◆ What is being asked
Where the line containing "The Ultimate Guide" appears below, start there and repeat each line exactly to the end. Leave the pictures out.

◆ Data

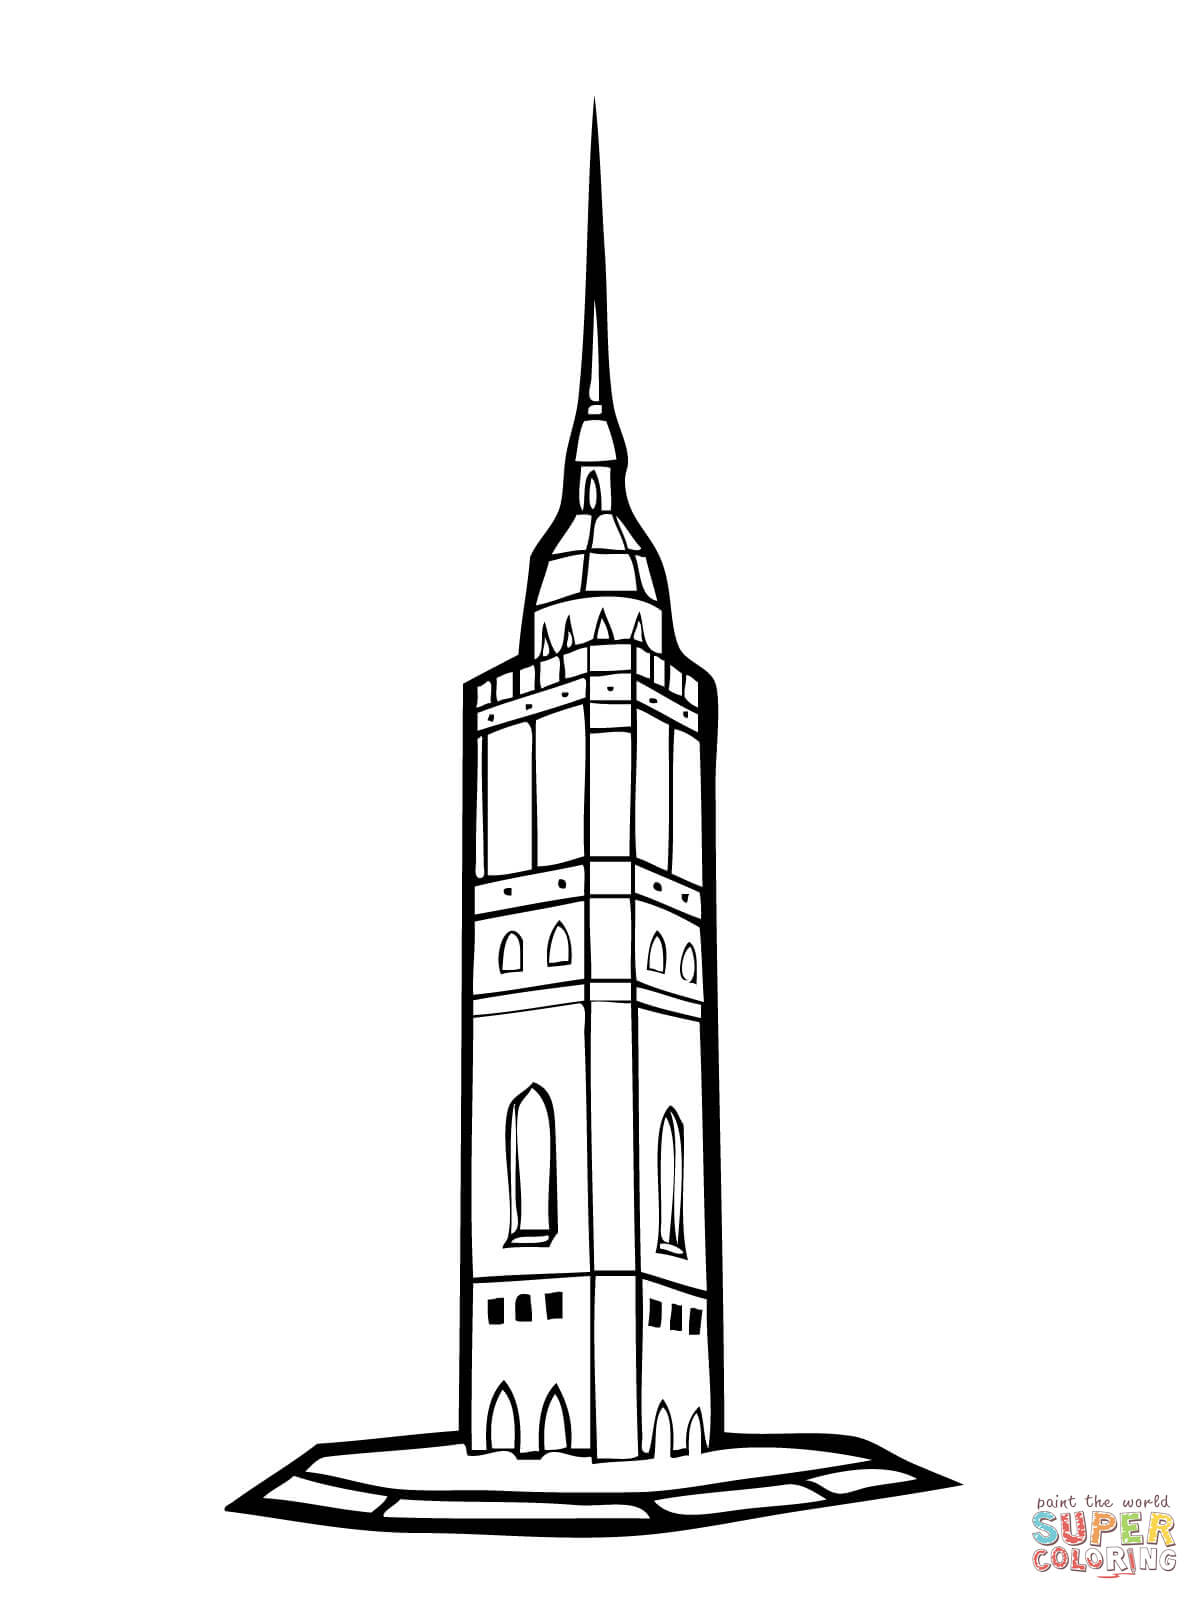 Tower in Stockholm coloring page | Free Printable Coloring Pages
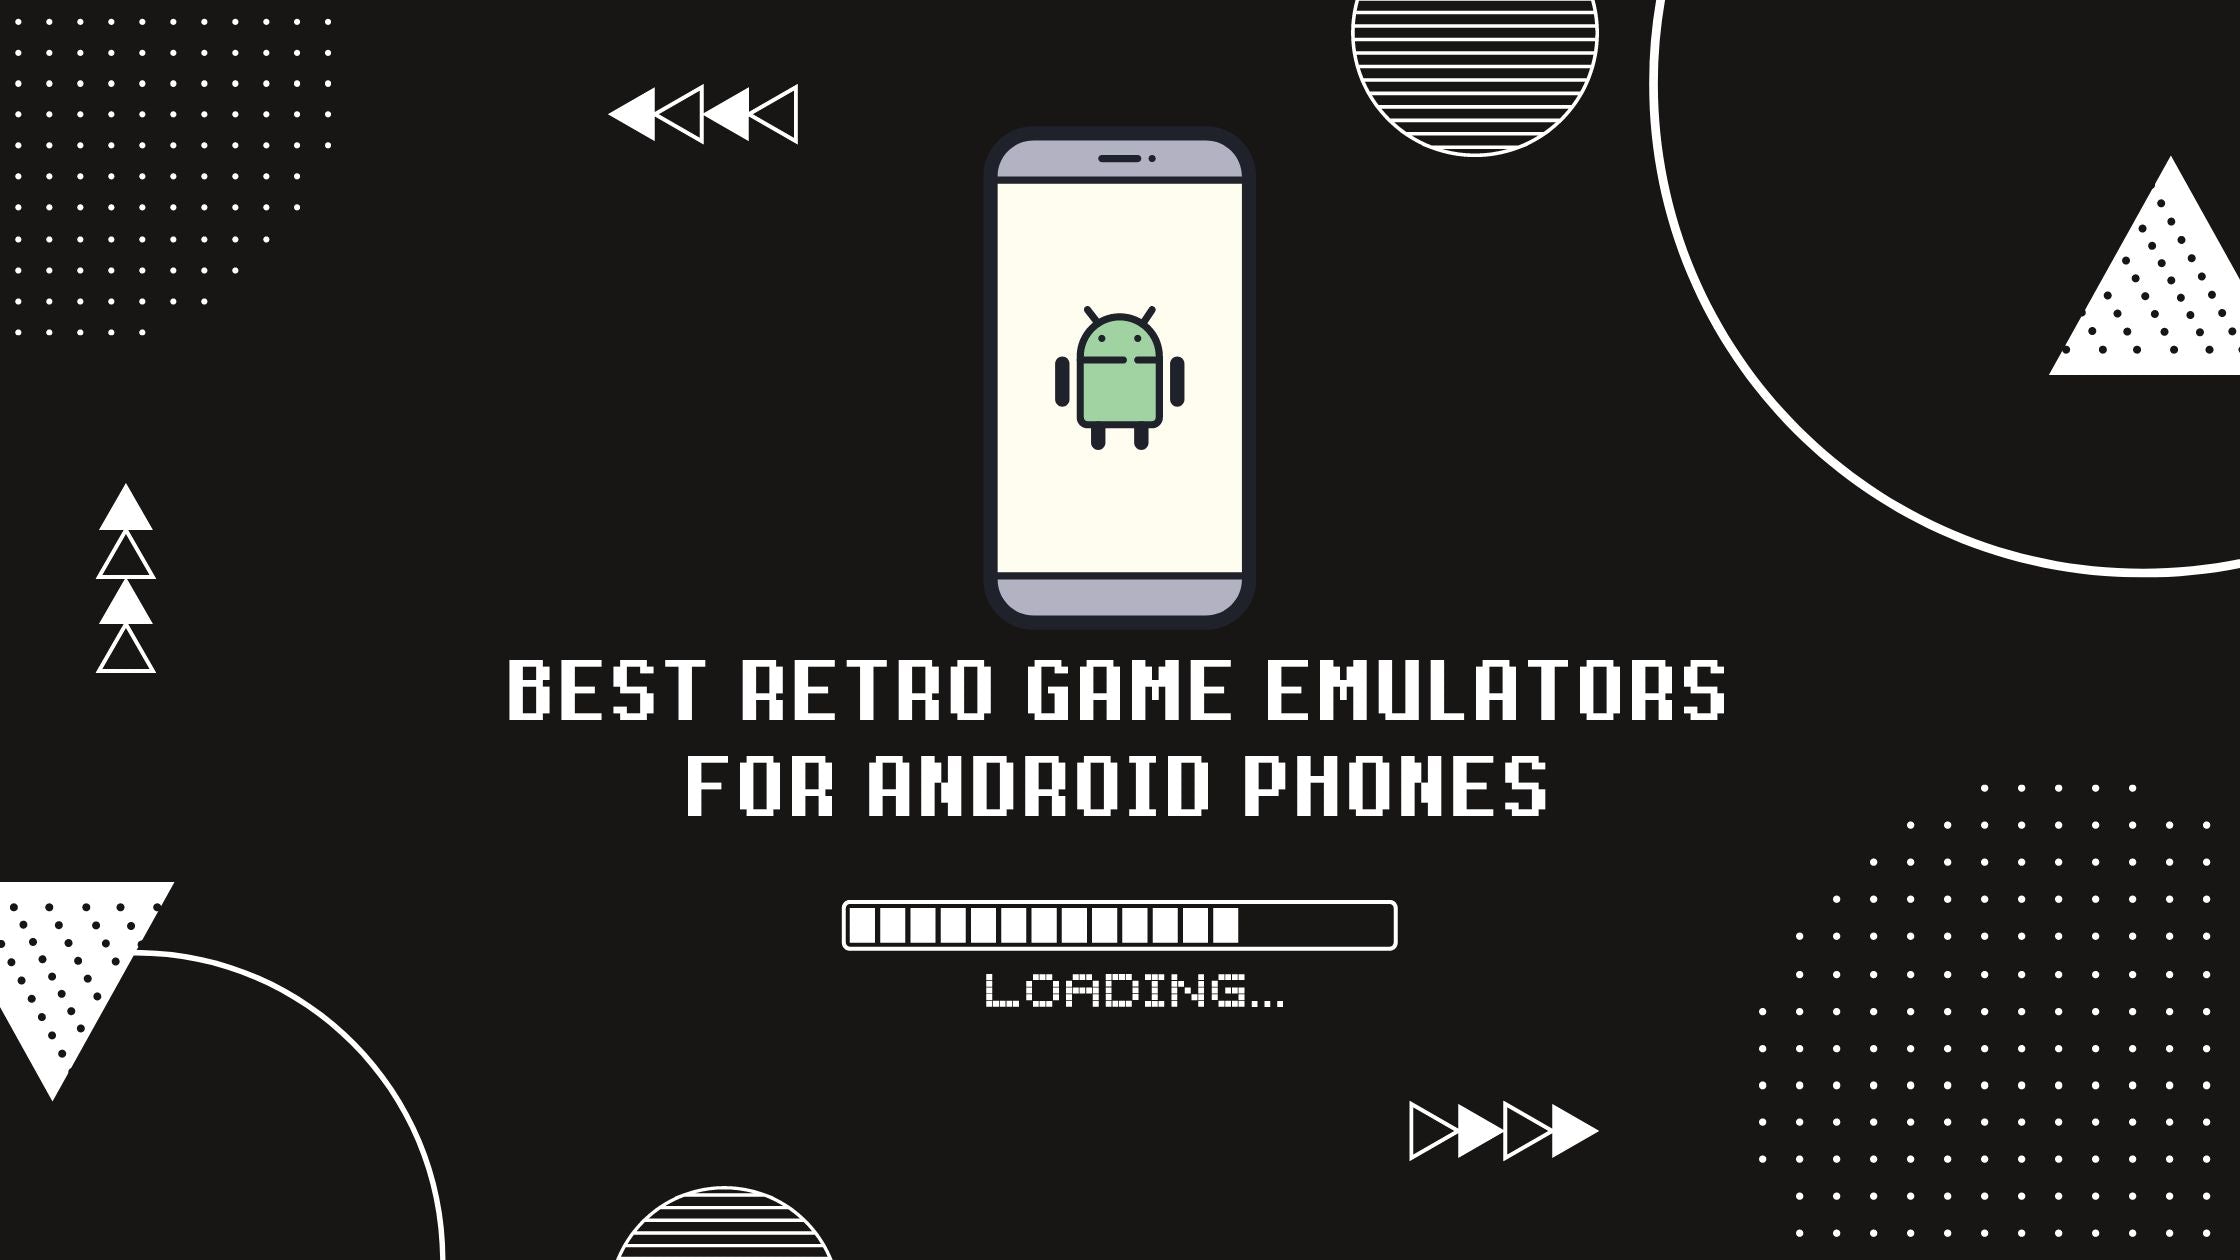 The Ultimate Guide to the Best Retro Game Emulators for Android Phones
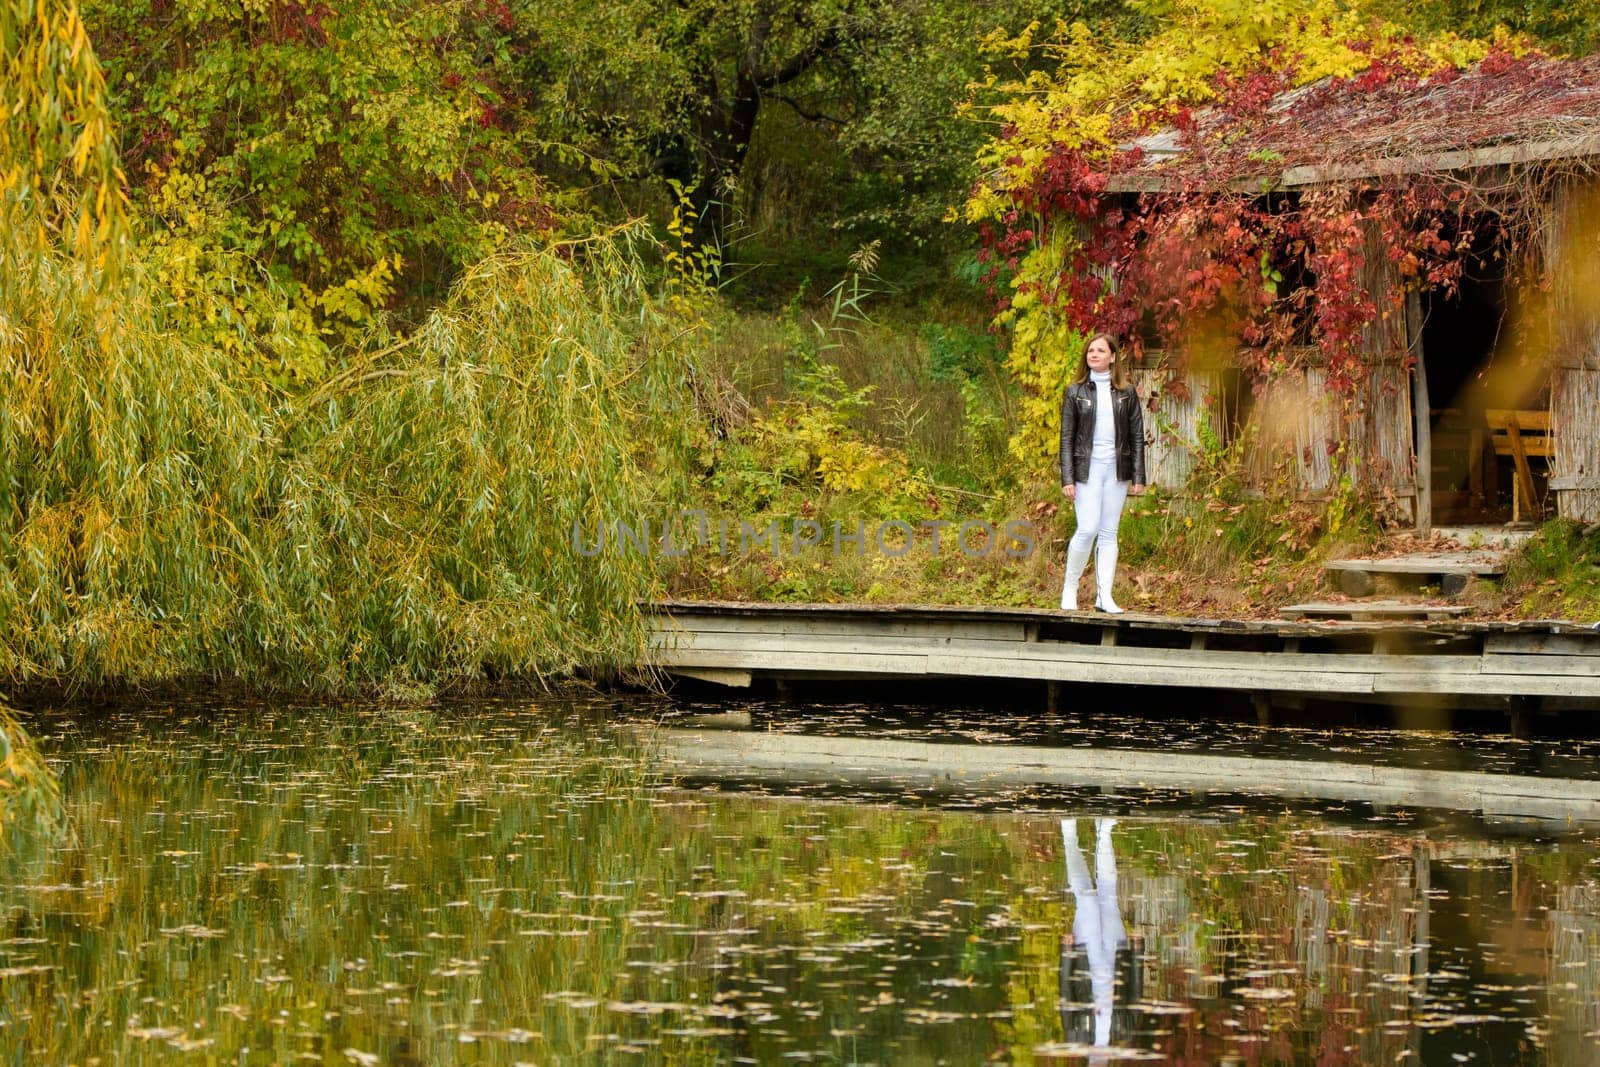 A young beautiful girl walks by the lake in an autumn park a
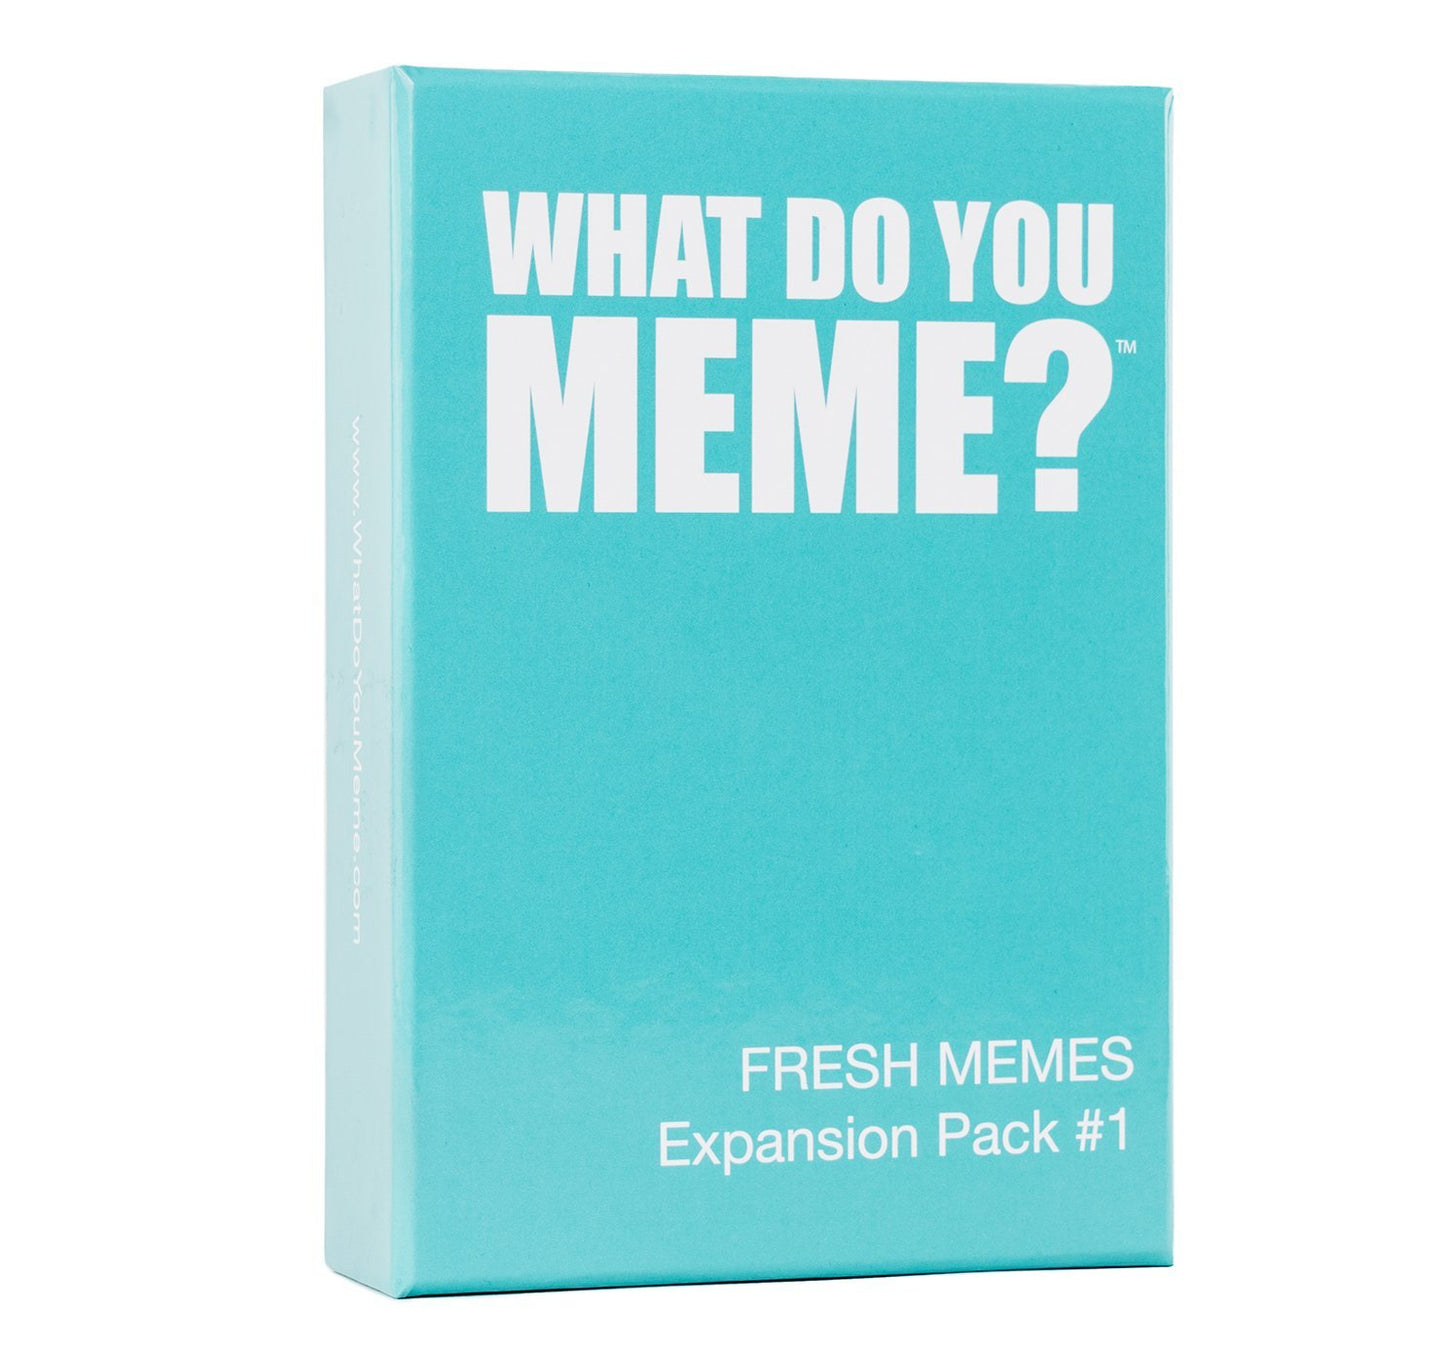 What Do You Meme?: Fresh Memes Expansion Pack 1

◆ Written answer
 The Ultimate Guide to the Best Retro Game Emulators for Android Phones
 A young beautiful girl walks by the lake in an autumn park a
 What Do You Meme?: Fresh Memes Expansion Pack 1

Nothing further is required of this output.